* _Exercise_: Pictures in the data must not be copied, but everything else should be output exactly.

* _Input data_:
= = =

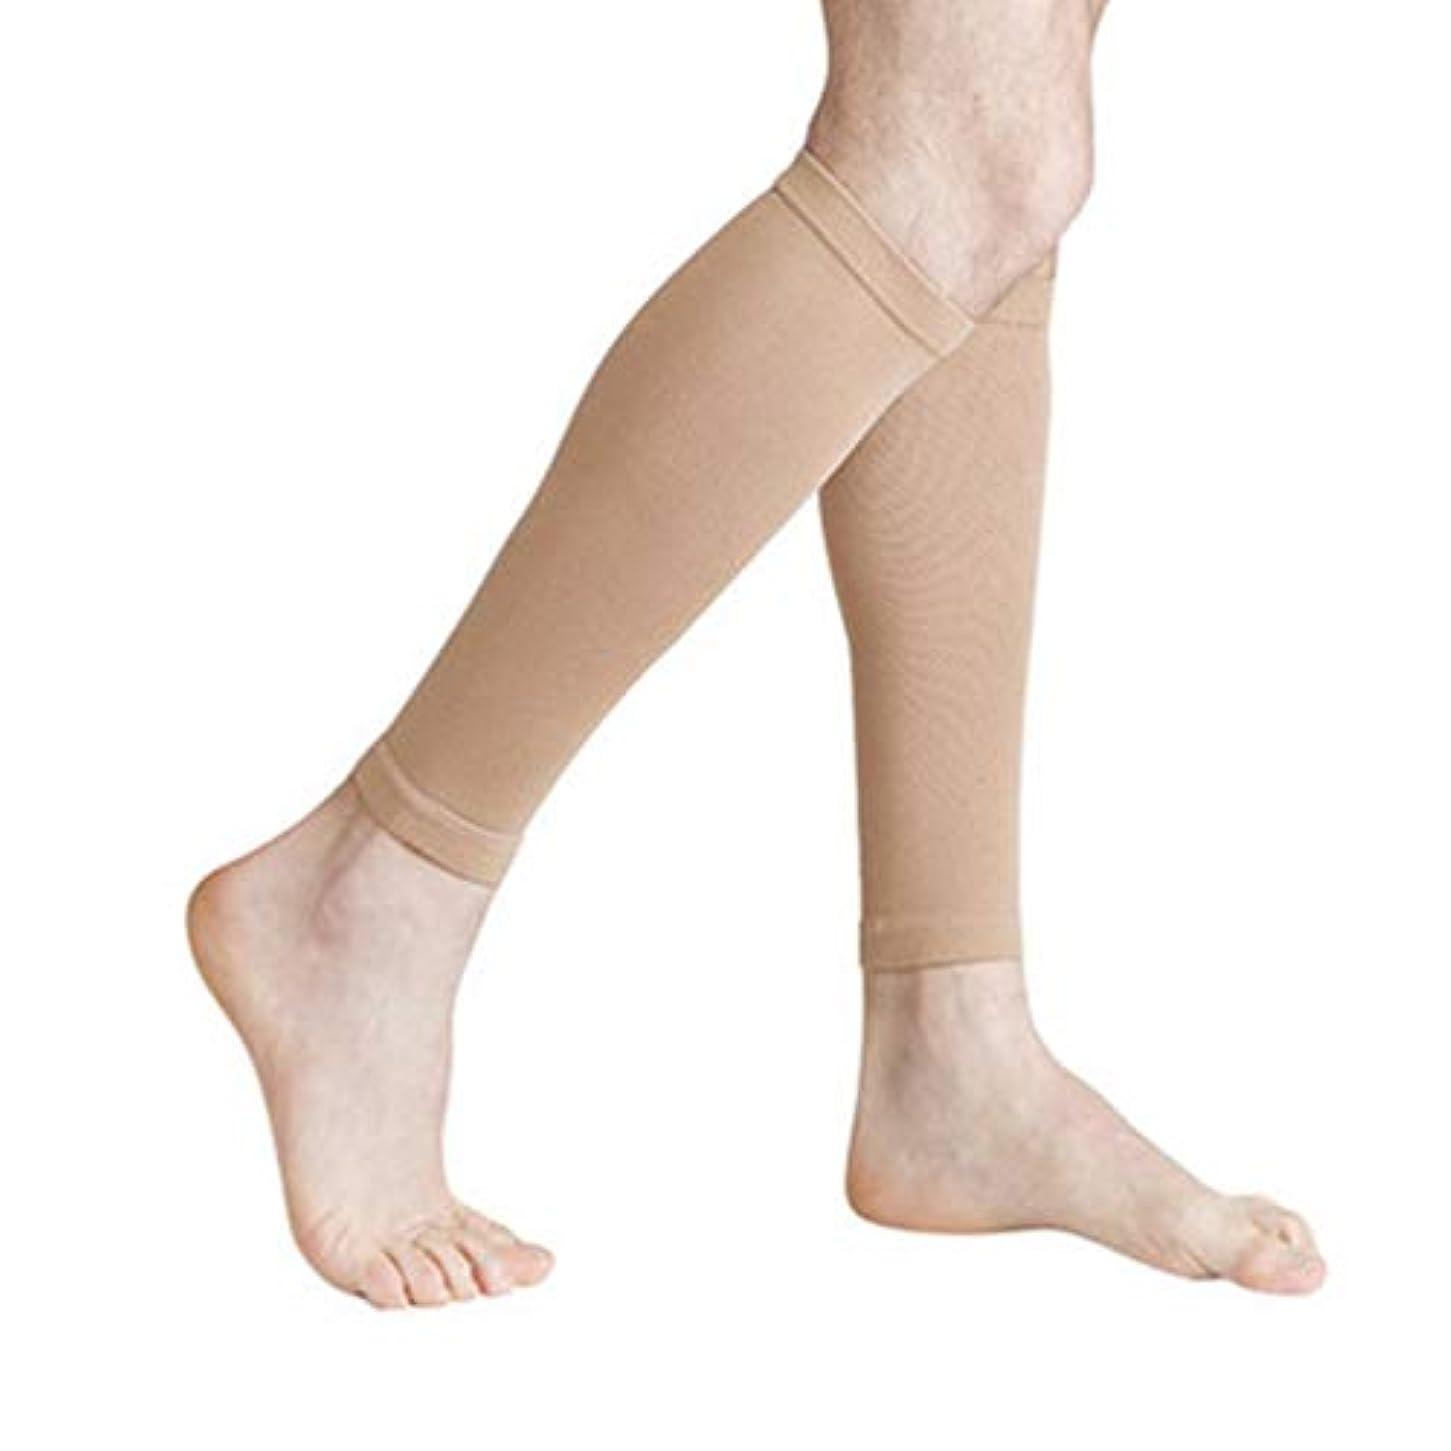 品揃え結婚する変化する丈夫な男性女性プロの圧縮靴下通気性のある旅行活動看護師用シントスプリントフライトトラベル - 肌色
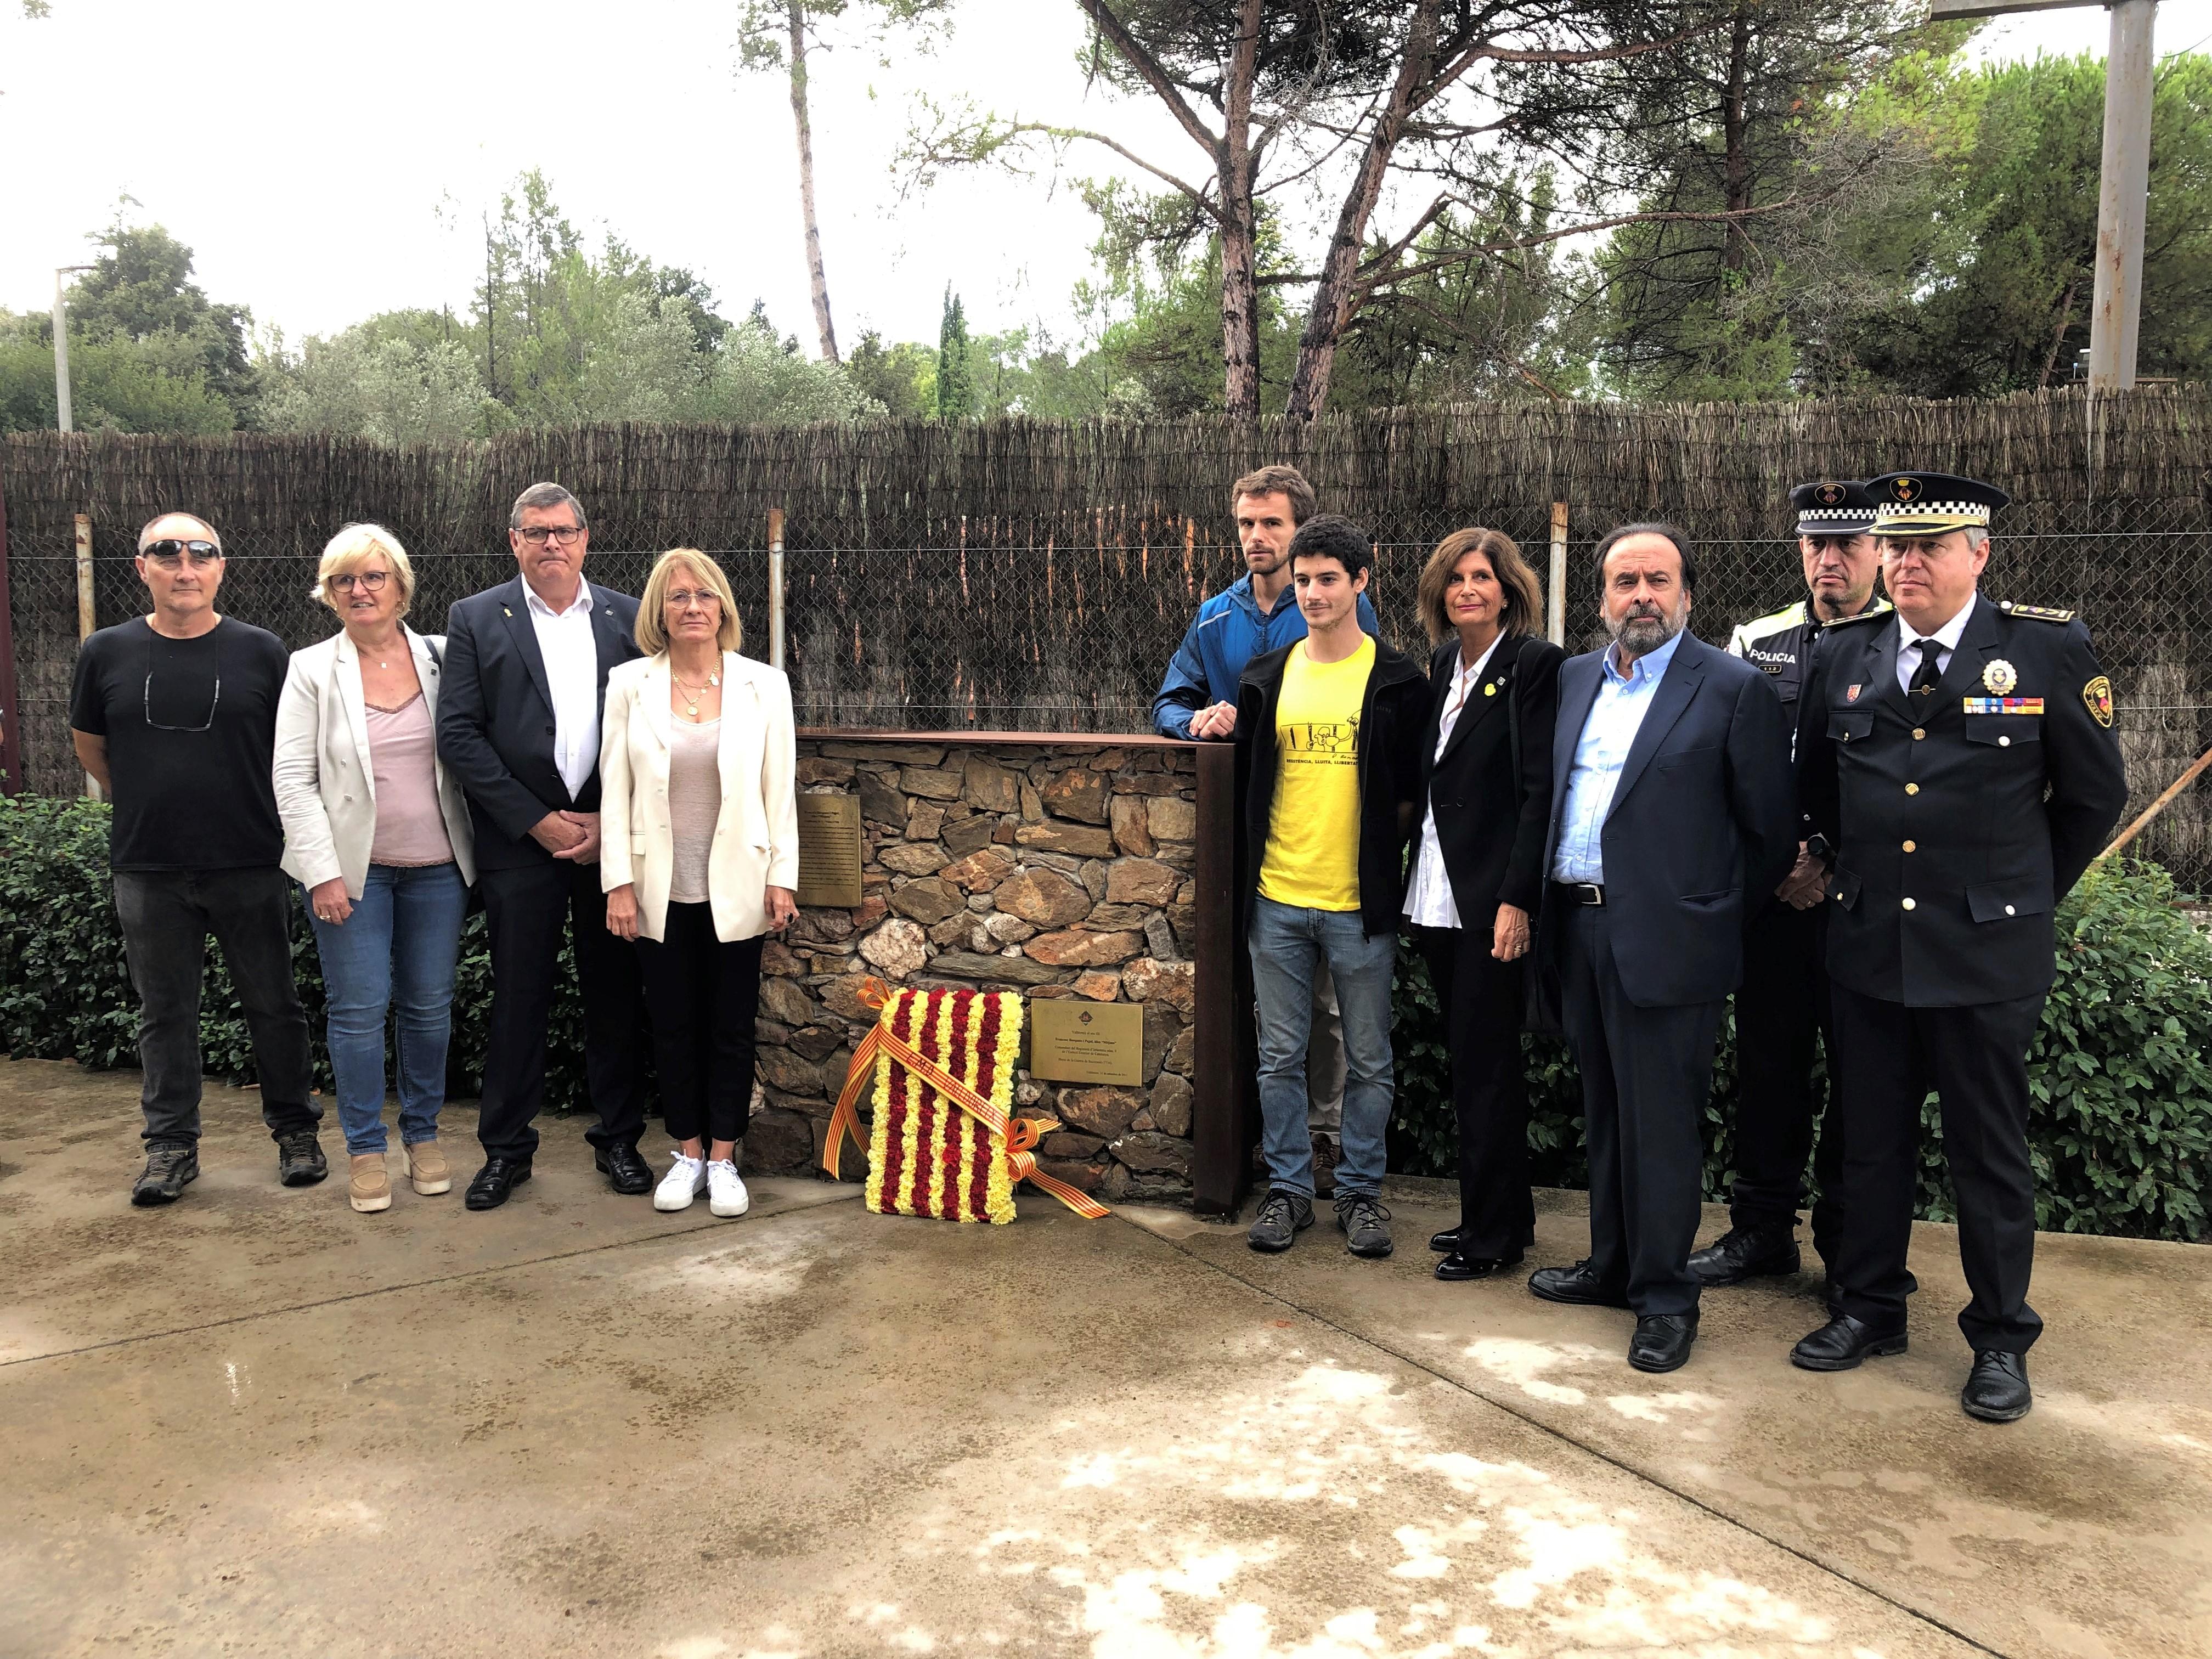 Josep Puig apel·la a 'mantenir l'esperit del 1714 per lluitar contra el setges moderns' durant els actes de la Diada a Valldoreix
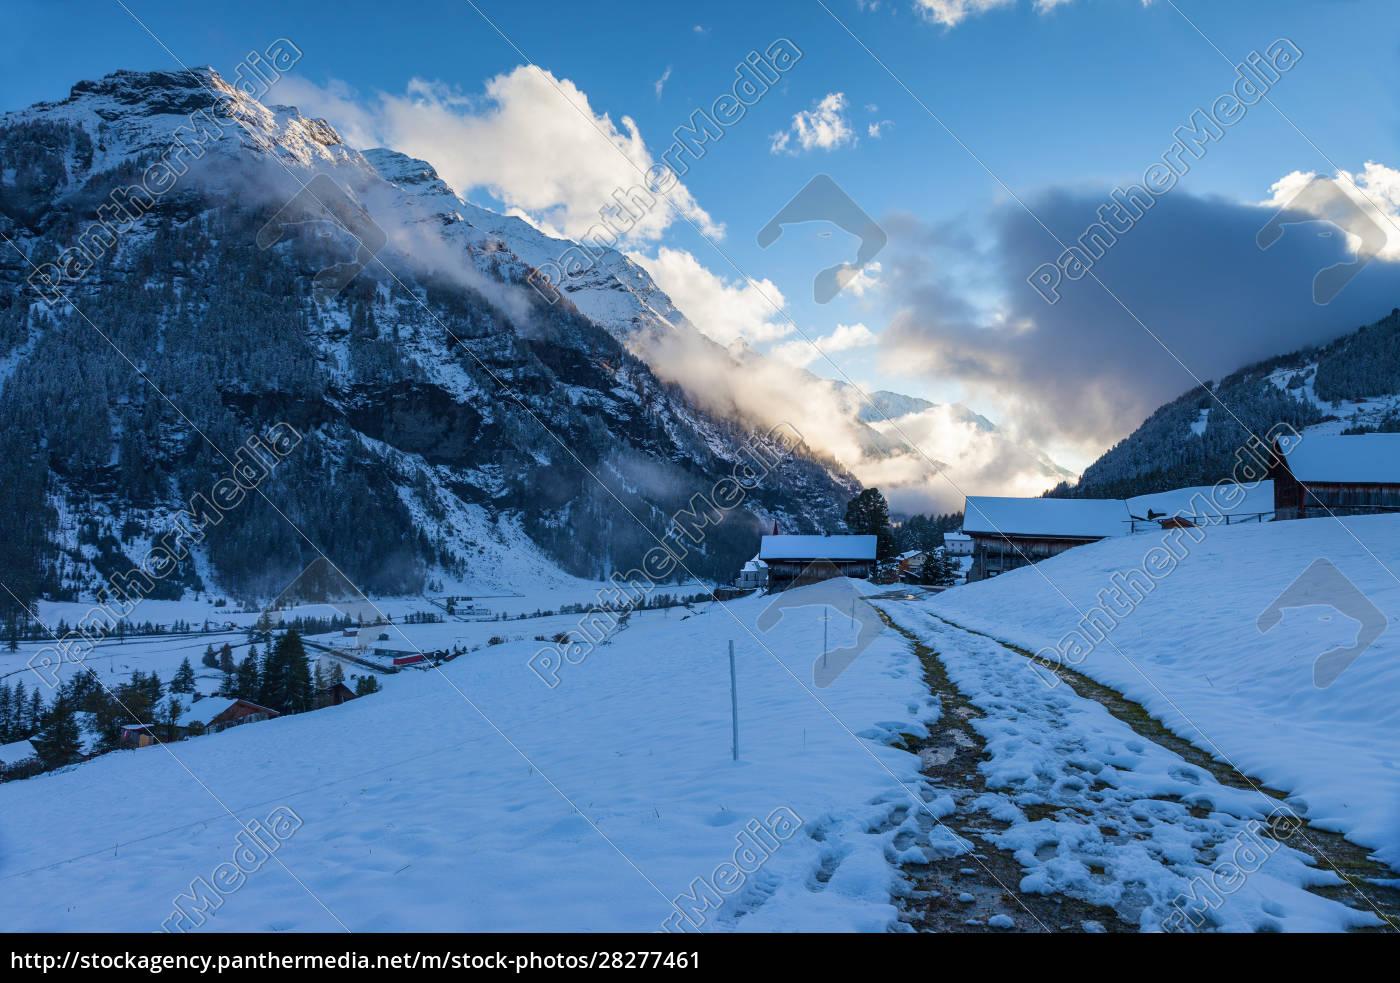 snowy, farm, houses, at, the, blue - 28277461

= = =

* _Output for this task_:
 品揃え結婚する変化する丈夫な男性女性プロの圧縮靴下通気性のある旅行活動看護師用シントスプリントフライトトラベル - 肌色
 Josep Puig apel·la a 'mantenir l'esperit del 1714 per lluitar contra el setges moderns' durant els actes de la Diada a Valldoreix
 snowy, farm, houses, at, the, blue - 28277461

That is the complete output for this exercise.